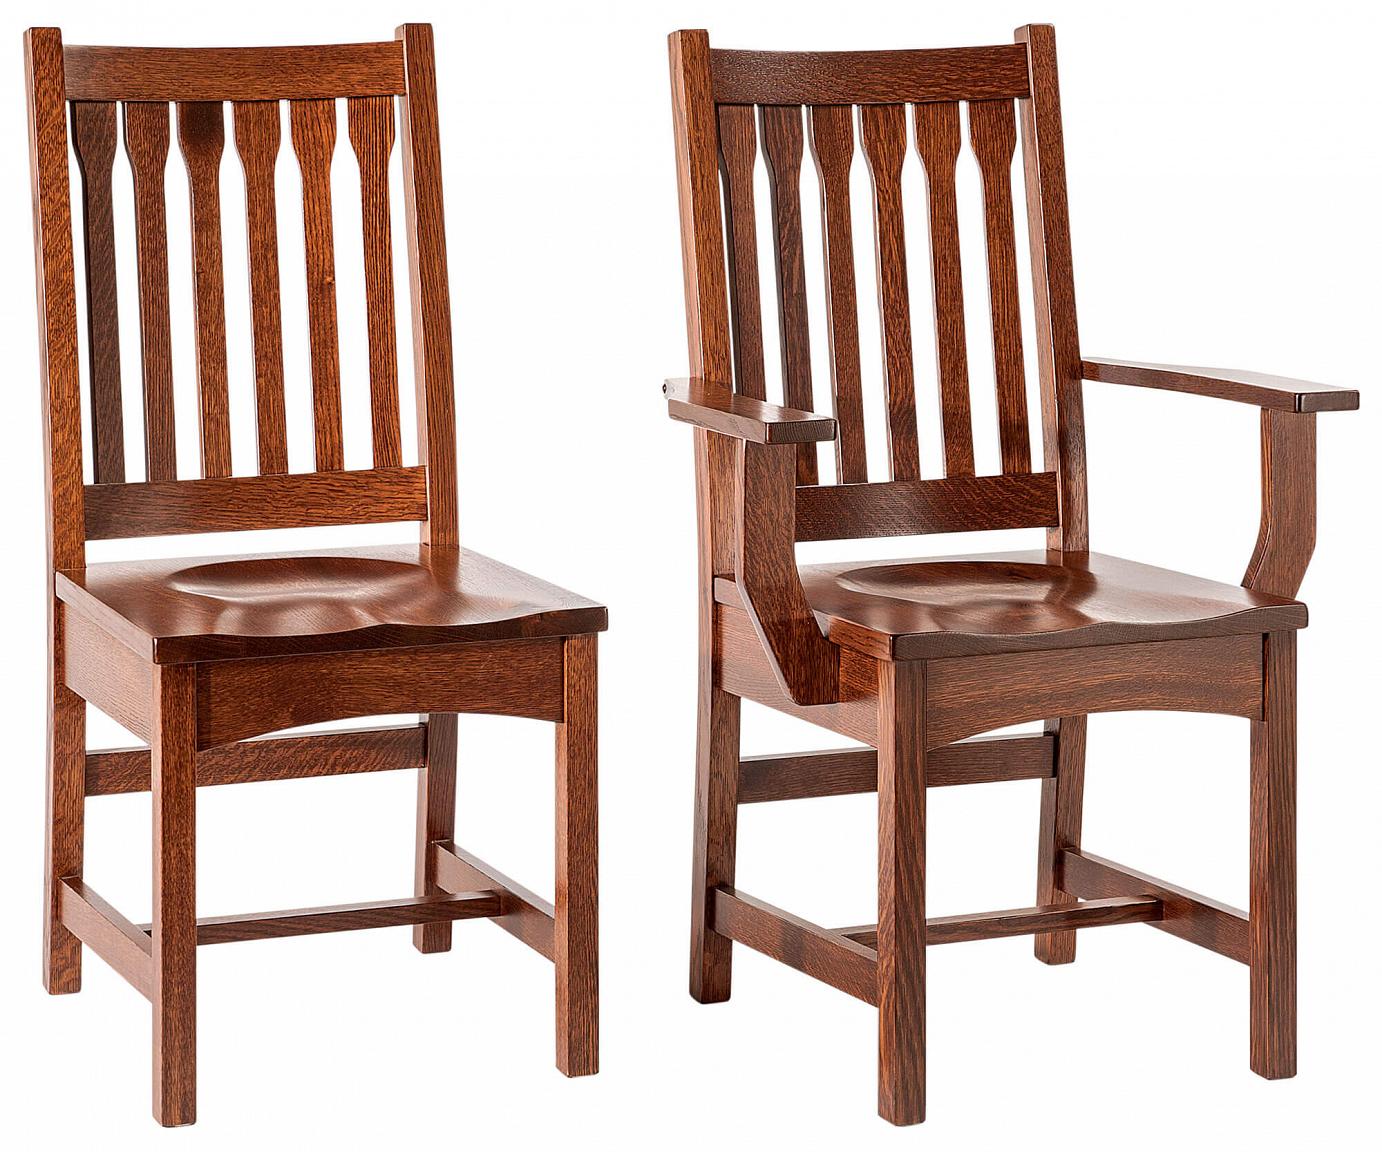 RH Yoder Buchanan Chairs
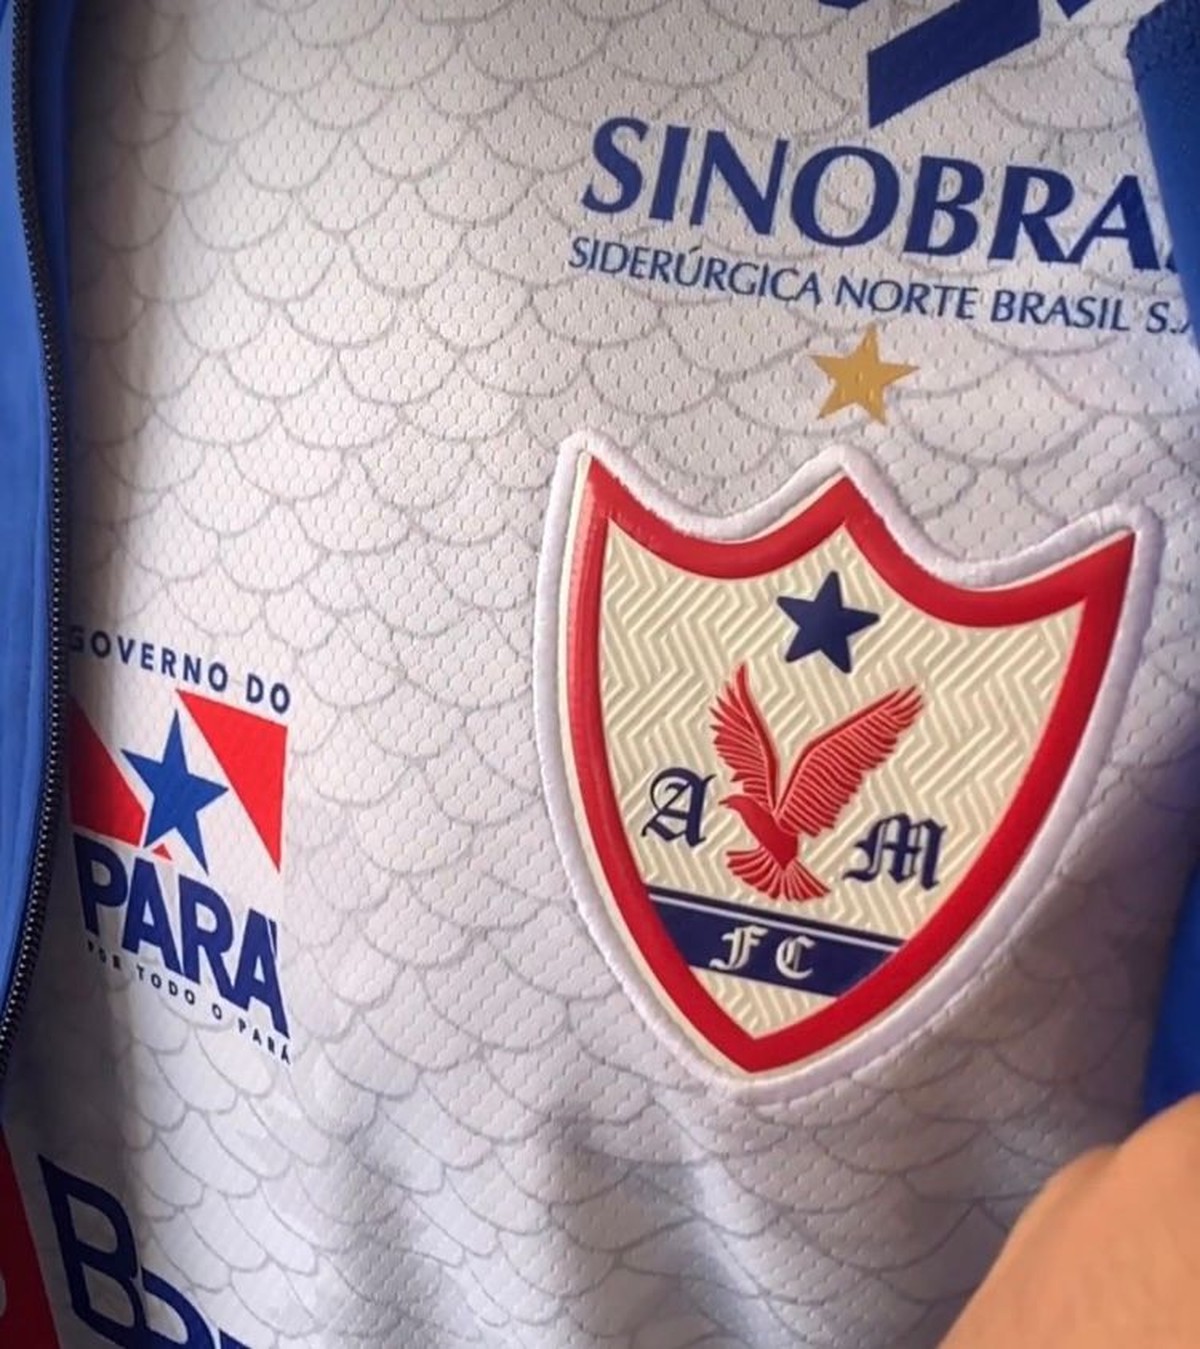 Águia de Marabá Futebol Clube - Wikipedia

····················

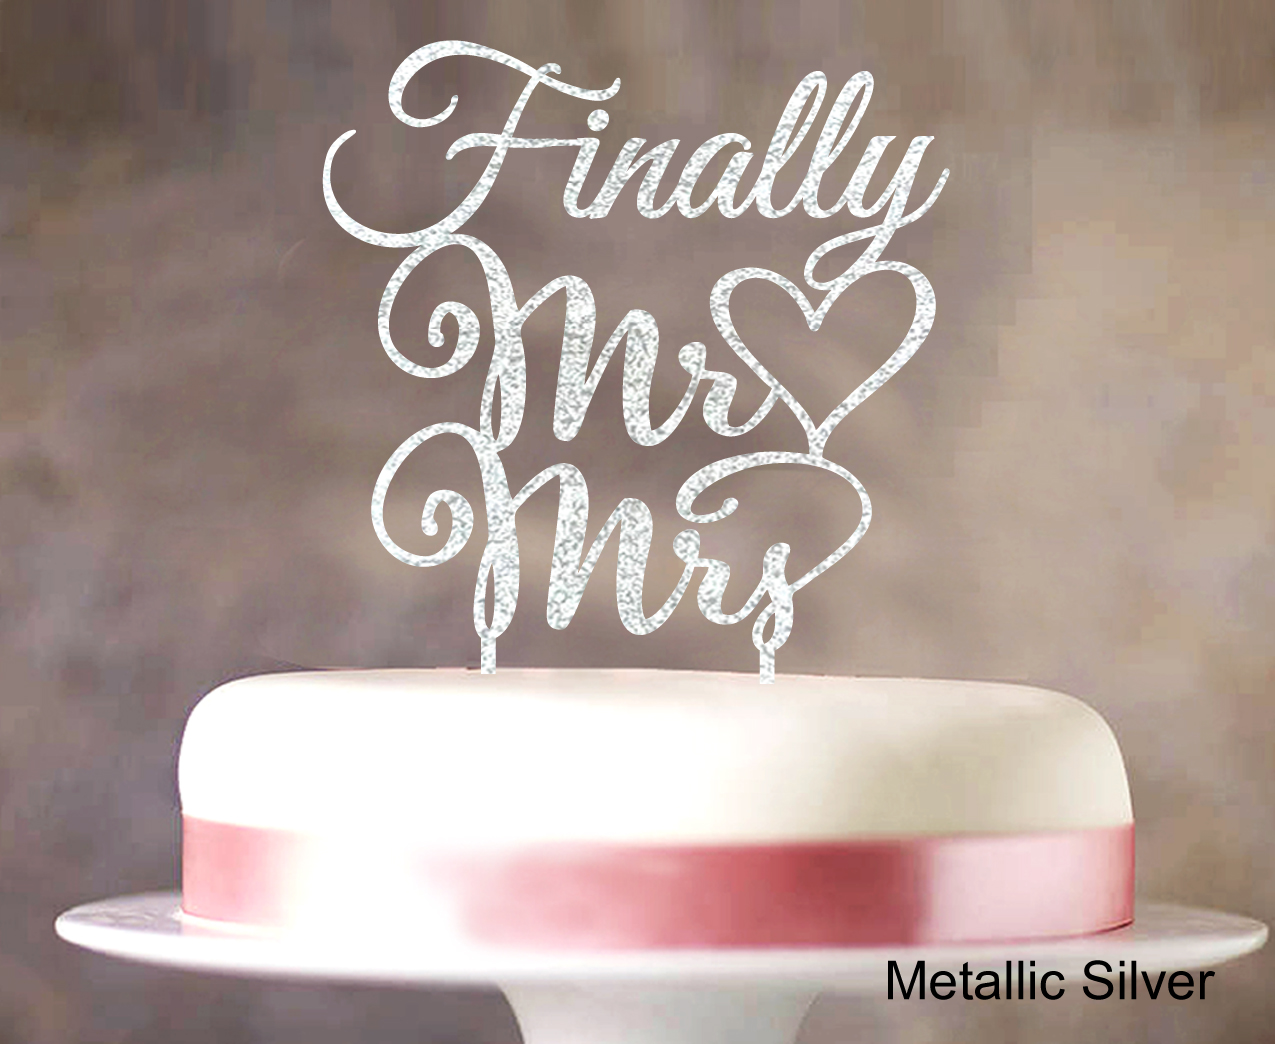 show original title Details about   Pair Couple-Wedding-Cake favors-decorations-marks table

····················

■ What you are asked to do ■
Only the lines above from the one containing "RH Yoder Buchanan Chairs" through the one containing "Águia de Marabá Futebol Clube - Wikipedia" should be returned, verbatim and inclusive, with pictures excluded.

■ Written response ■
 RH Yoder Buchanan Chairs
 Águia de Marabá Futebol Clube - Wikipedia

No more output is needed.